Problem

Solution

Intuition

This problem requires us to group the list of numbers into groups of 3 such that for each group, the difference between the largest and smallest number in the group is less than k. If we cannot form a solution that meets this condition, we return an empty list.

This problem lends itself to sorting as by sorting the array, we can count upwards in groups of three and continuously check if a valid trio is formed. If a valid trio is not formed, it is not possible as by sorting we are guaranteed to be using the closest grouping of numbers.

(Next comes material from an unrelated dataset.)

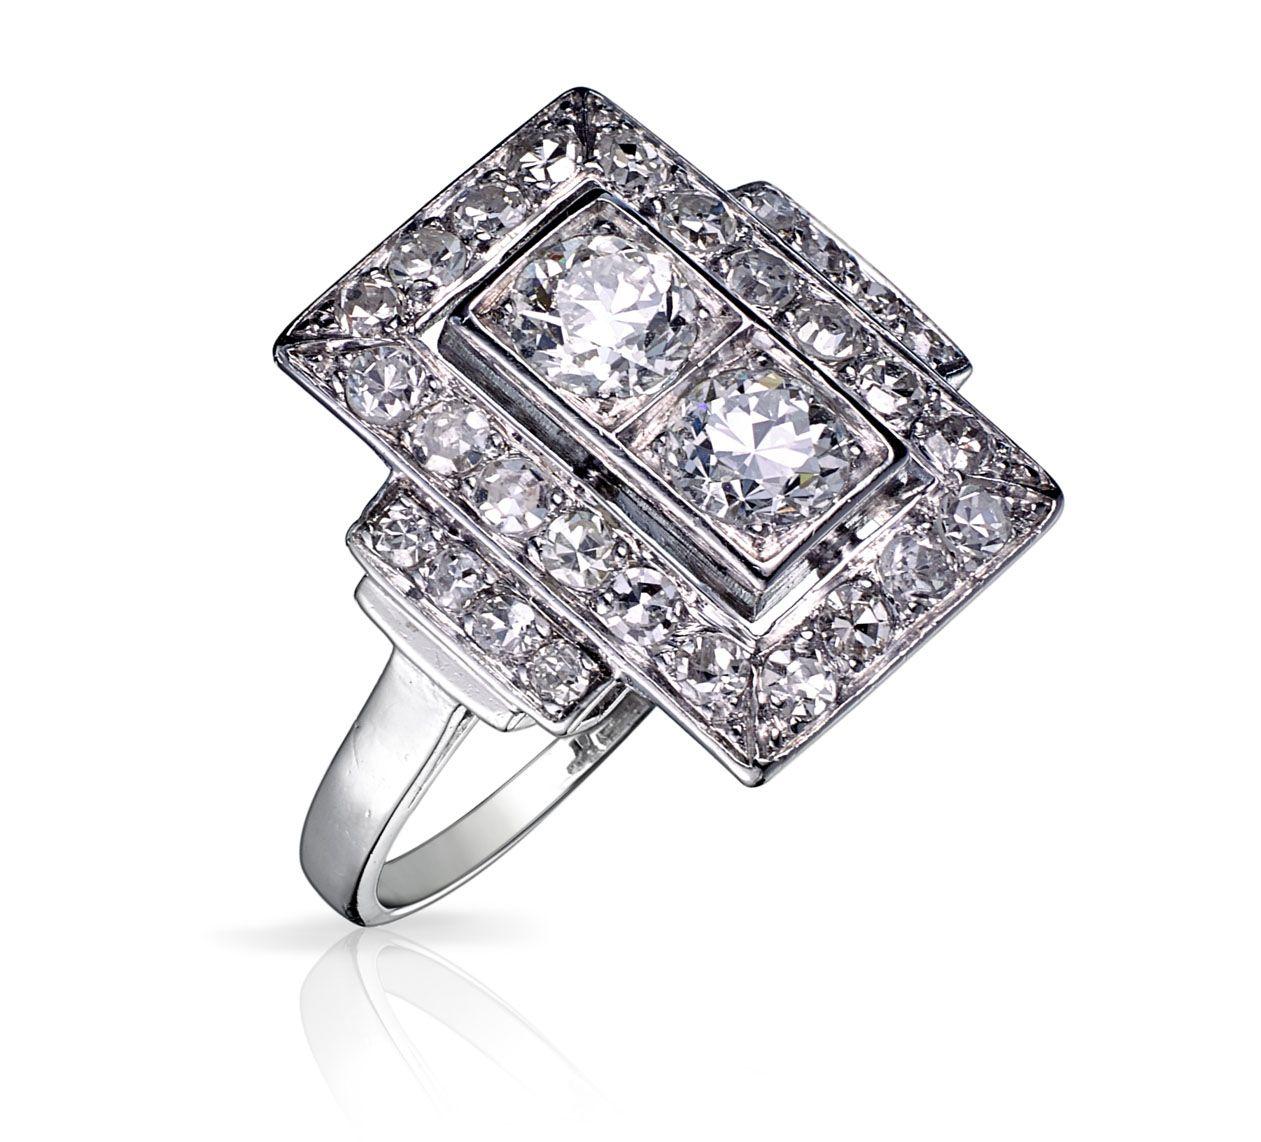 Or DiamantAnciennebague Blanc Et Roxane Deco Art Bague VzUGSMpLq

We can sort the numbers, and then continue adding trios until we either reach a trio that requires we return an empty array, or we have gone through each number in which case we return our groupings.

Approach

1. Sort the provided numbers, nums.
2. Initialize our result array, res.
3. Iterate through the sorted nums and check that for each trio, the largest and smallest numbers are less than k apart. If not, return an empty array. Otherwise, we add the trio to res.
4. Return res after iterating through all numbers.

Complexity

• Time complexity: $O(n\log(n))$. We perform a sort of the array of numbers and then iterate through each number and perform constant time operations during each iteration. $O(n\log(n))+O(n)O(1)\rightarrow O(n\log(n))$.
• Space complexity: $O(n)$. Sorting in-place takes some space that has linear space complexity.

Code

class Solution:
    def divideArray(self, nums: List[int], k: int) -> List[List[int]]:
        nums.sort()
        res = []

        for i in range(0, len(nums), 3):
            if nums[i + 2] - nums[i] > k:
                return []
            res.append([nums[i], nums[i + 1], nums[i + 2]])
        return res